Thanks for the NEC references. Good reads for sure. Based on what you said about PVC on the roof and other testimonials I found, I'll do EMT instead. Everything else inside my shop is EMT, and I already have a bender, so might as well stick with that. Need to look into what water tight fittings I'll need. The end runs on my strings feature 1/2" NPT threads, so I figured something like this would work (taped of course):

For outdoors EMT all fittings must be raintight. They are available just about everywhere. These are the ones I am using:



The term "Insulated throat" means that they have a smooth nylon insert in the body end so there are no edges for the wire to scrap on. They are required for #4 wire and larger - 300.4(G) - but I'm using them on all conduit - the cost difference is minimal.

EMT is covered under NEC article 358. Main things, ream all cut ends and no threading - must use fittings 358.28, fasten within 3 ft of a junction box and support every 10 ft 358.30

Thanks. If I stick with EMT, I'll definitely use those. It has been suggested I can use flexible conduit between between the End Runs and the bass through box. They make both metallic and non-metallic. That would be a whole lot easier to work with than EMT. Everything would be below the panels, so direct sunlight would not be an issue, although that stuff is UV resistant from what I read.

I did make some decent progress over the weekend. I got all my fasteners installed on the roof:



And I got the front trim panels up as well:



And I have a couple of 1" expansion gaps along the way.



Did manage to get the first 2 panels up last night after work.





Only 54 panels to go, lol.

Very cool, and we're much at the same point. All my fasteners are up. You are ahead of me by front rail and 2 panels right now lol. I'm not DIY this time though. Once is all the fun I can handle

P.S. You are moving along pretty quick. Impressive.

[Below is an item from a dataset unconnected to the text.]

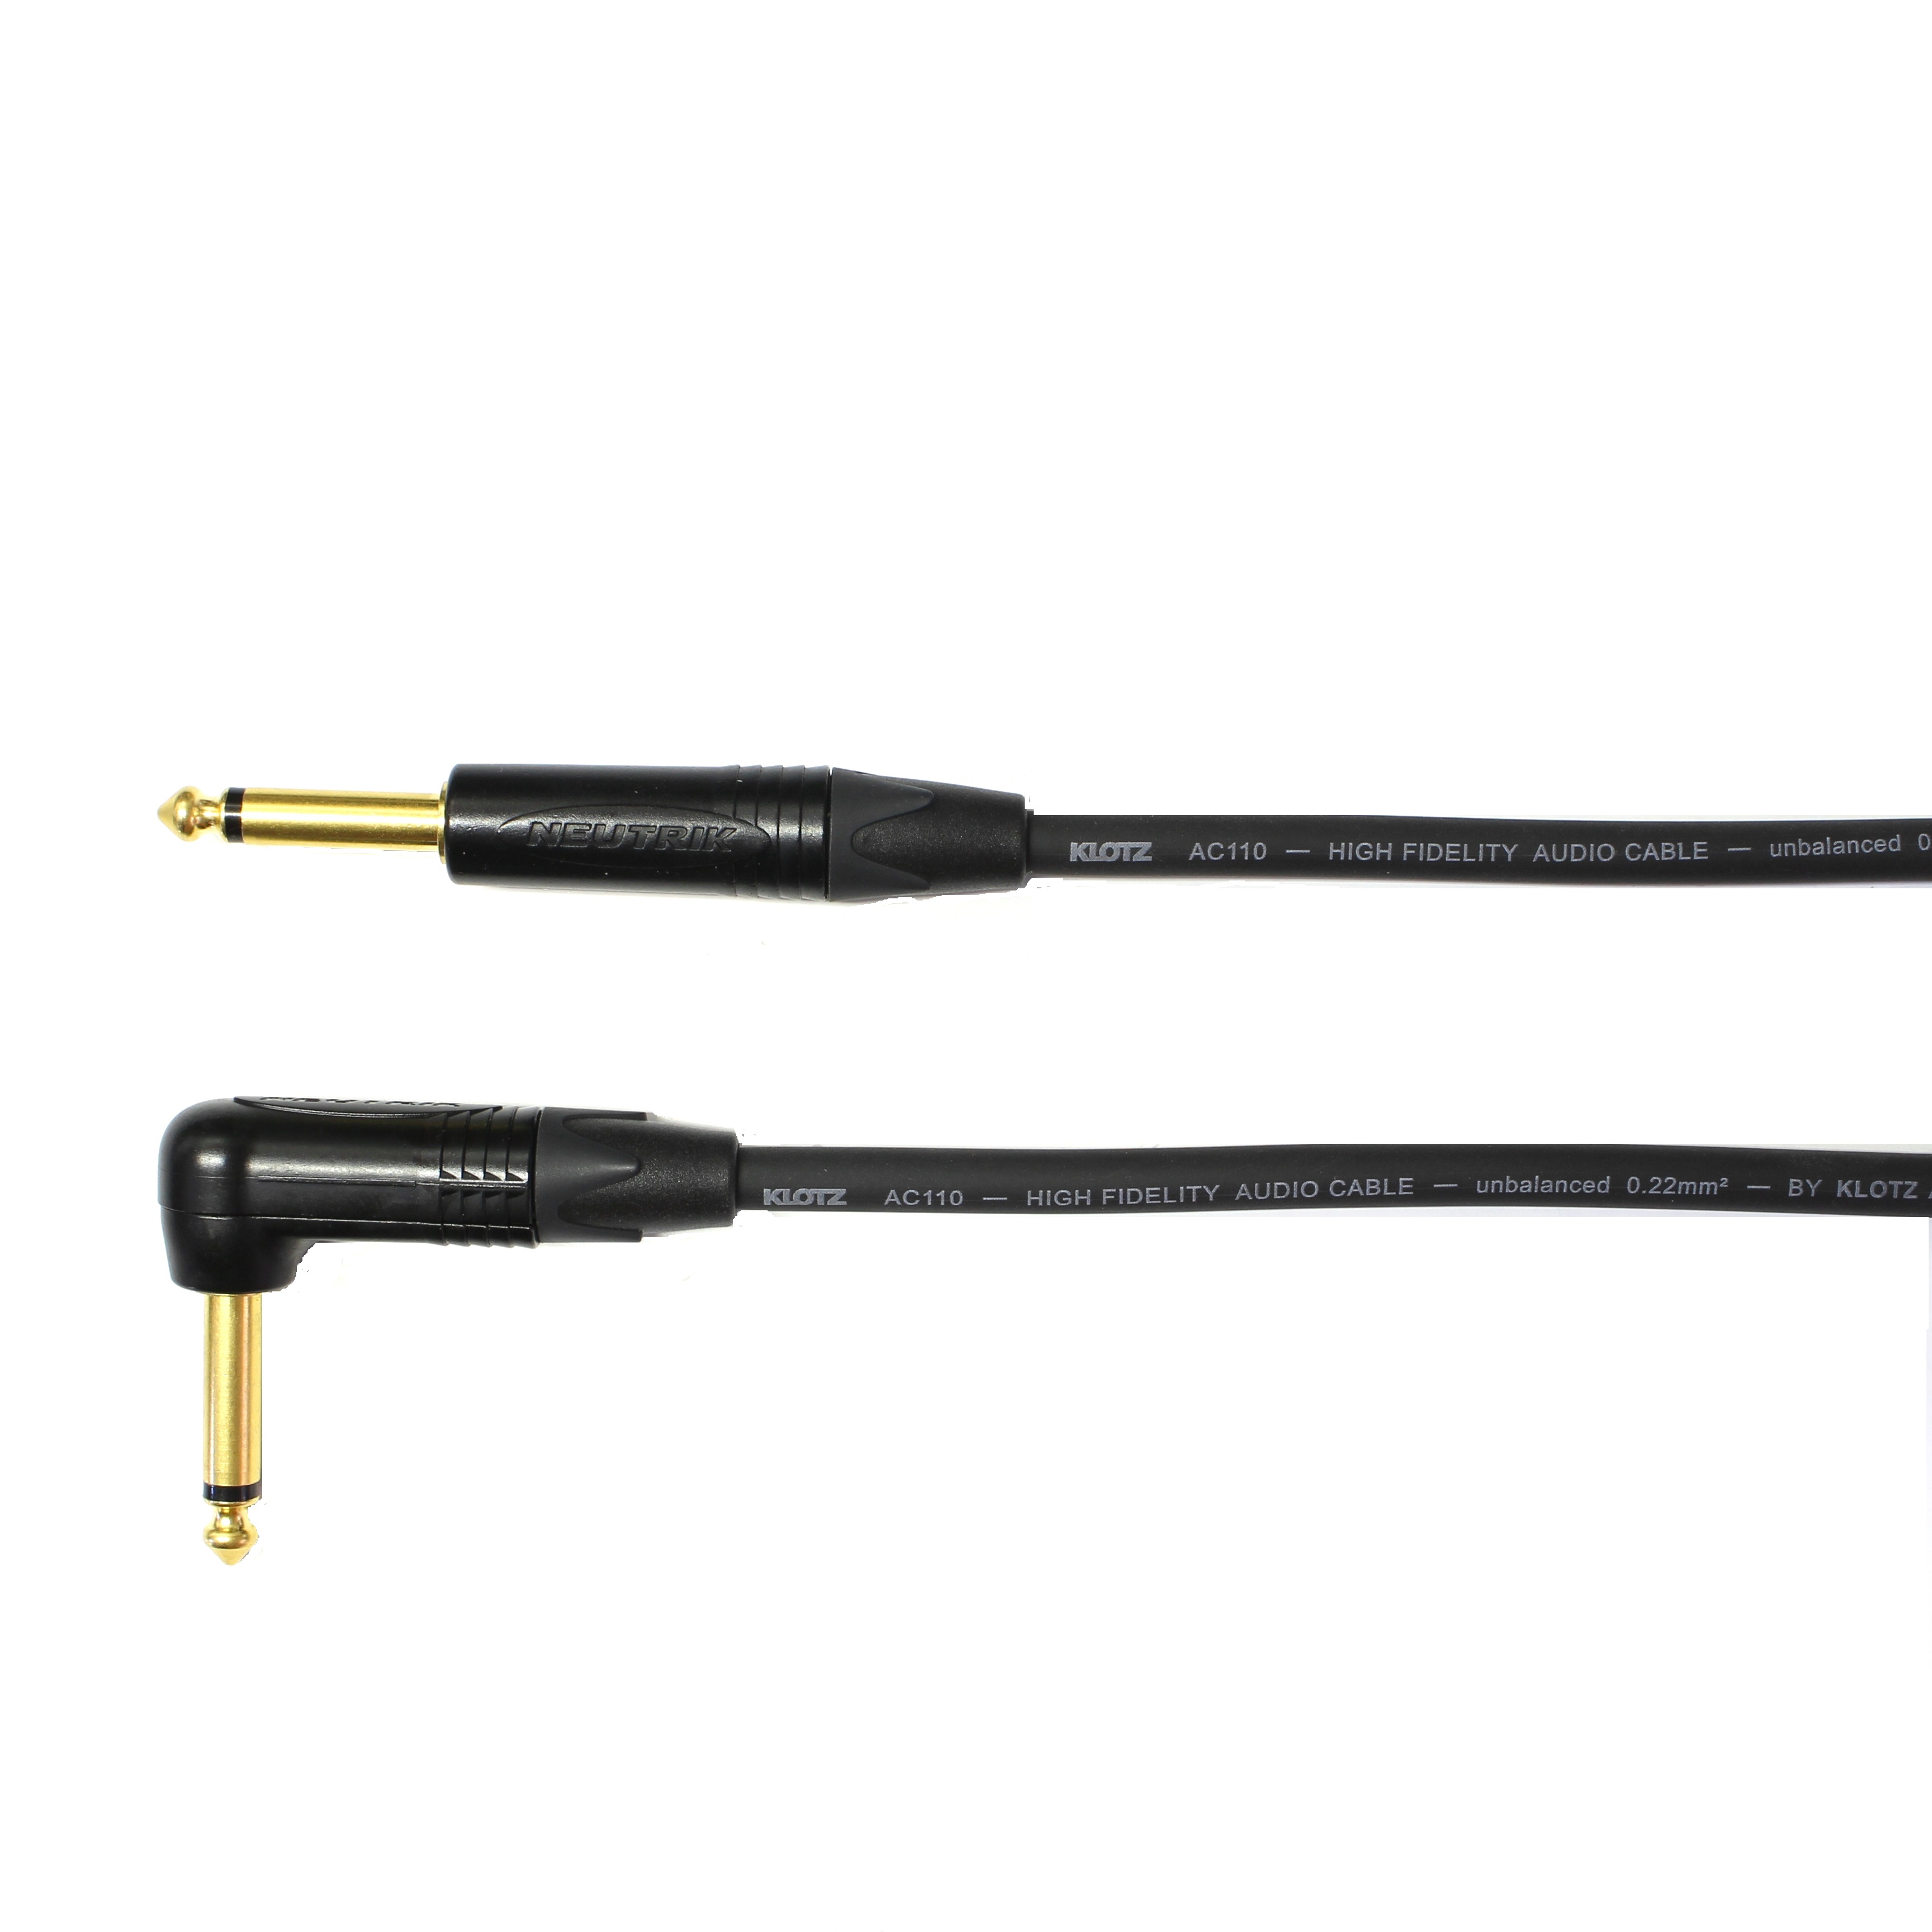 Kytarový kabel Jack 6,3 mono přímý/ Jack 6,3 mono úhlový, 1 m, AC110

In my case I will have 8 current carrying conductors (4 strings with L1 and L2), 4 Neutrals and a single ground, for a grand total of 13 wires. All are going to be #10. Looking at a fill chart for 1" PVC Conduit Sch 40, I'm allowed 15 #10 wire in a 1" pipe. However, once taking 310.15(B)(3) into account, it looks like I need to reduce the count to 70%, or 10 wires. So it appears that I need to up the conduit down to the panel to 1 1/4", which allows for 27 #10 wires. 70% of that is 18 #10 wires, so I should be in good shape. Heck, I could even run the 4 individual grounds all the way down to the breaker panel if I wanted and not have a single splice in the pass through box. Do I have that right?

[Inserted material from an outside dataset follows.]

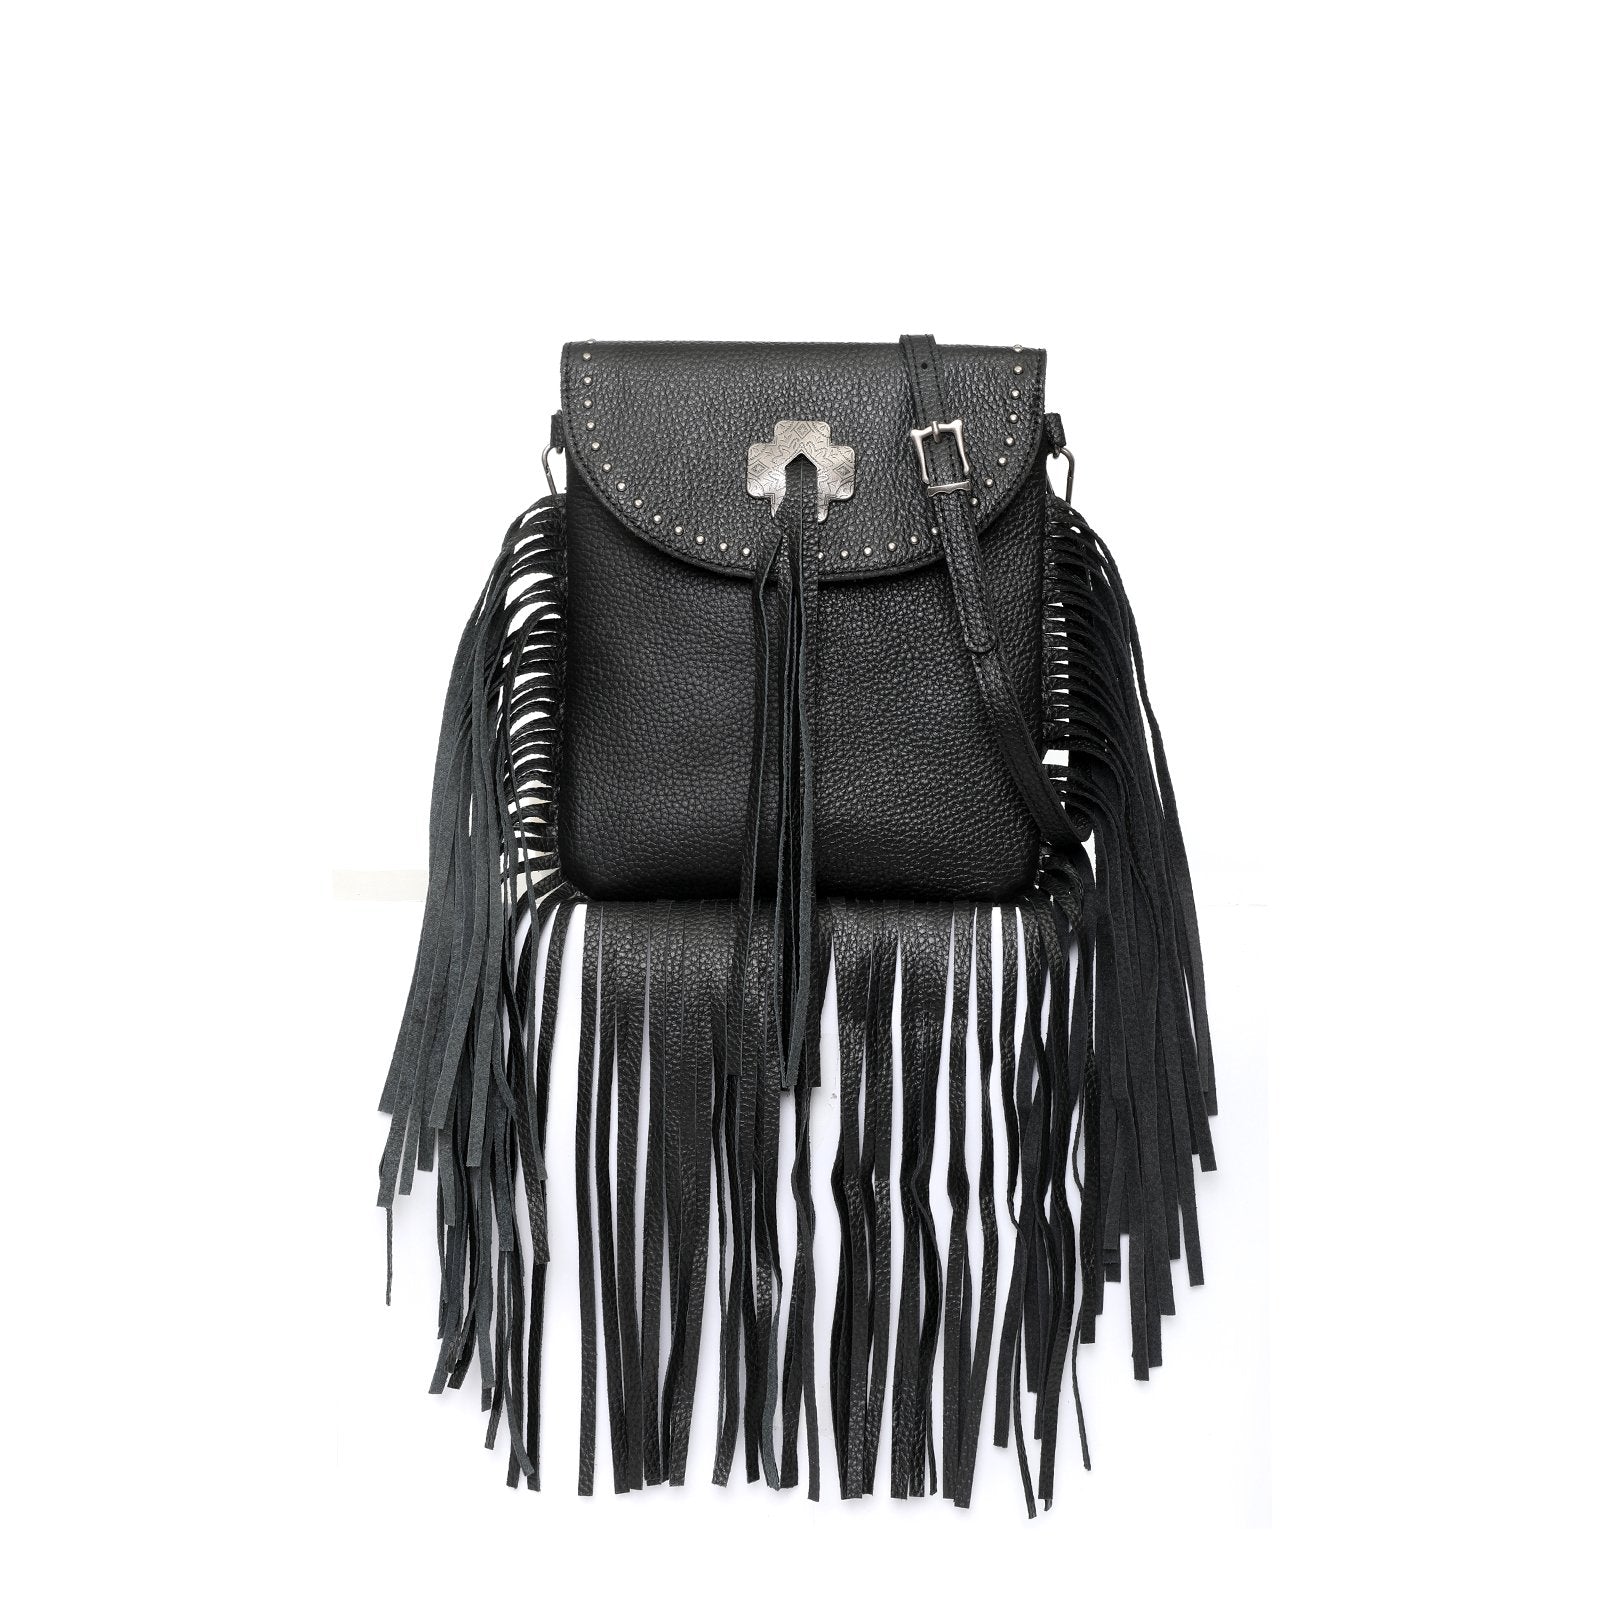 Black Fringe Bag Bohemian Leather Fringe Crossbody Western

After seeing Jack's Solar Ground Mount Journal, I'd thought I'd pass along to future ground mount DIY'ers a better, faster, cheaper and safer way to build a ground mount. Especially if you are building with 3" HEAVY schedule 40 galvanized pipe.

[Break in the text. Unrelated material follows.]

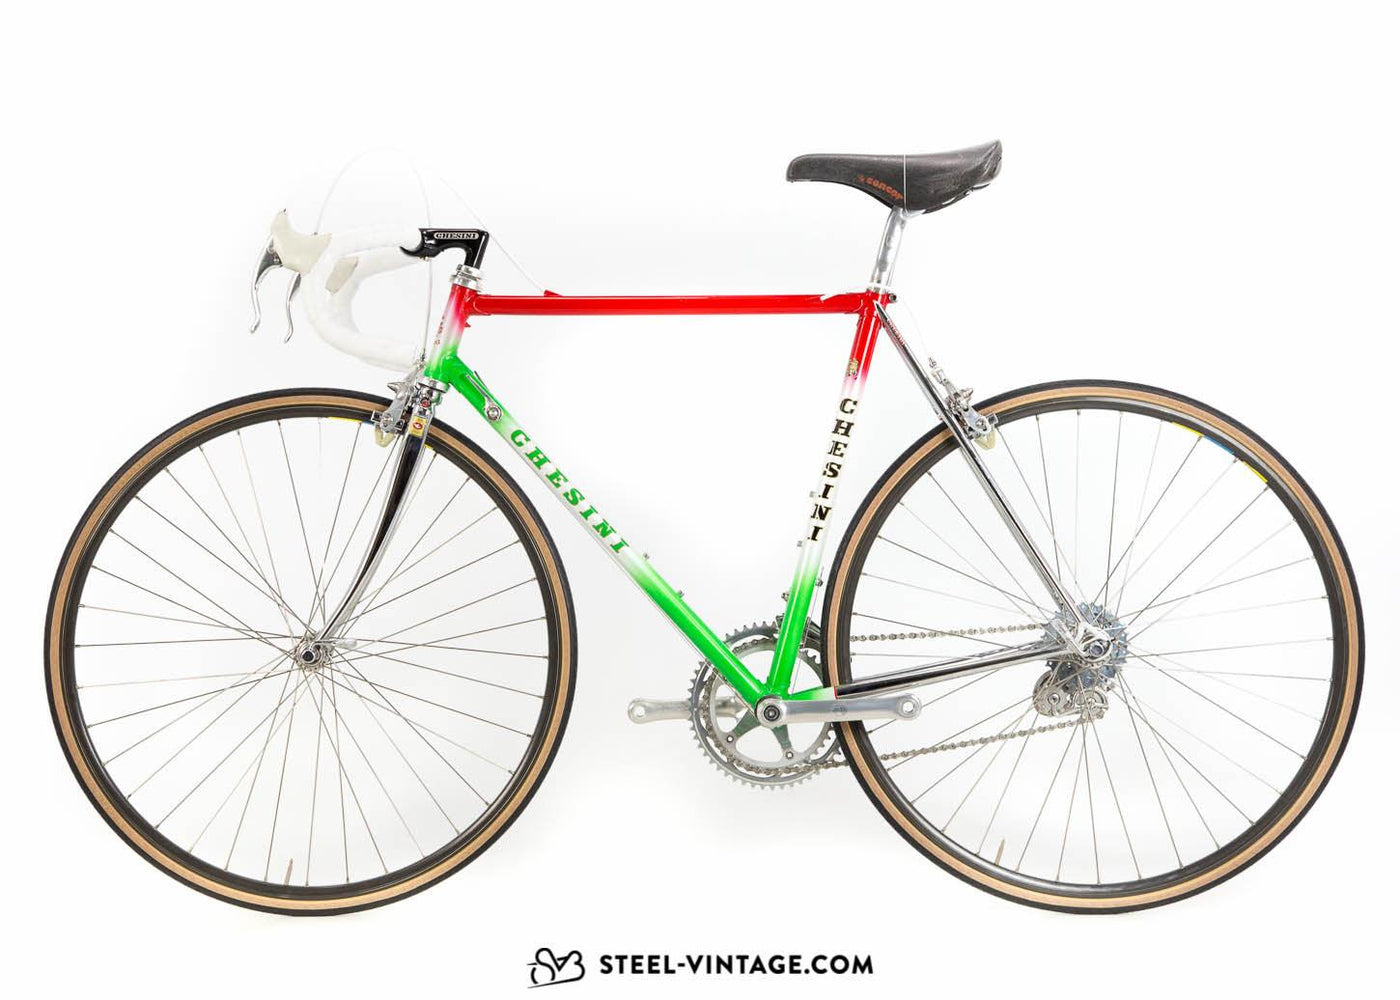 Chesini Arena Classic Road Bike 1987 - Steel Vintage Bikes

It is not necessary to build those 2x4 framing support members and having a crew of people around to accomplish the ground mount. The pic below shows a method using just one person to properly set and align a ground mount. Here's the method:

Auger the hole to IronRidge specifications....no need for Sonotubes. Square the rectangle by measuring the diagonals BEFORE drilling the holes.
Use crushed stone to set the height of the pipe by adding or subtracting stone in the hole....use a laser level....any good rental outfit will have one
Set the pipes in a row with mason string.
Using a standard carpenter level make the posts perfectly horizontal and vertical with the small adjustment wood pieces as shown in the pic.
Now with everything leveled and square....just pour the concrete.......one person and job is done.

IMG_0282.JPG IMG_0289.JPG IMG_0296.JPG IMG_0355.JPG

You do not have to reduce the number of conductors due to temperature by itself. Lets take your example. I don't know how many panels are on each string but that does not matter, let compute the maximum current allowed by each #10 wire and then you will be able to know if #10 works for you.

Assuming you are running THNN/THWN-2 #10 copper wire - southwire simpull for example. I love this wire and it pulls so easily and Lowes / Home Depot carry it.
This wire is rated for 90C temps both dry and wet. Outdoor conduit is a wet location. So we use the 90C column of 310.15(B)(16) and this wire is rated for 40 amps for an ambient temperature of 86F

That 40 amp rating is assuming that the conduit it will be in is also rated for 90C. PVC is not - it is listed for 50C via 352.12(D). Oops we can't use the 90C table. There is no 50C table so technically we have to use the engineering formula but lets just use the 60C column and looking at the 75C column, lets just take off another 5 amps.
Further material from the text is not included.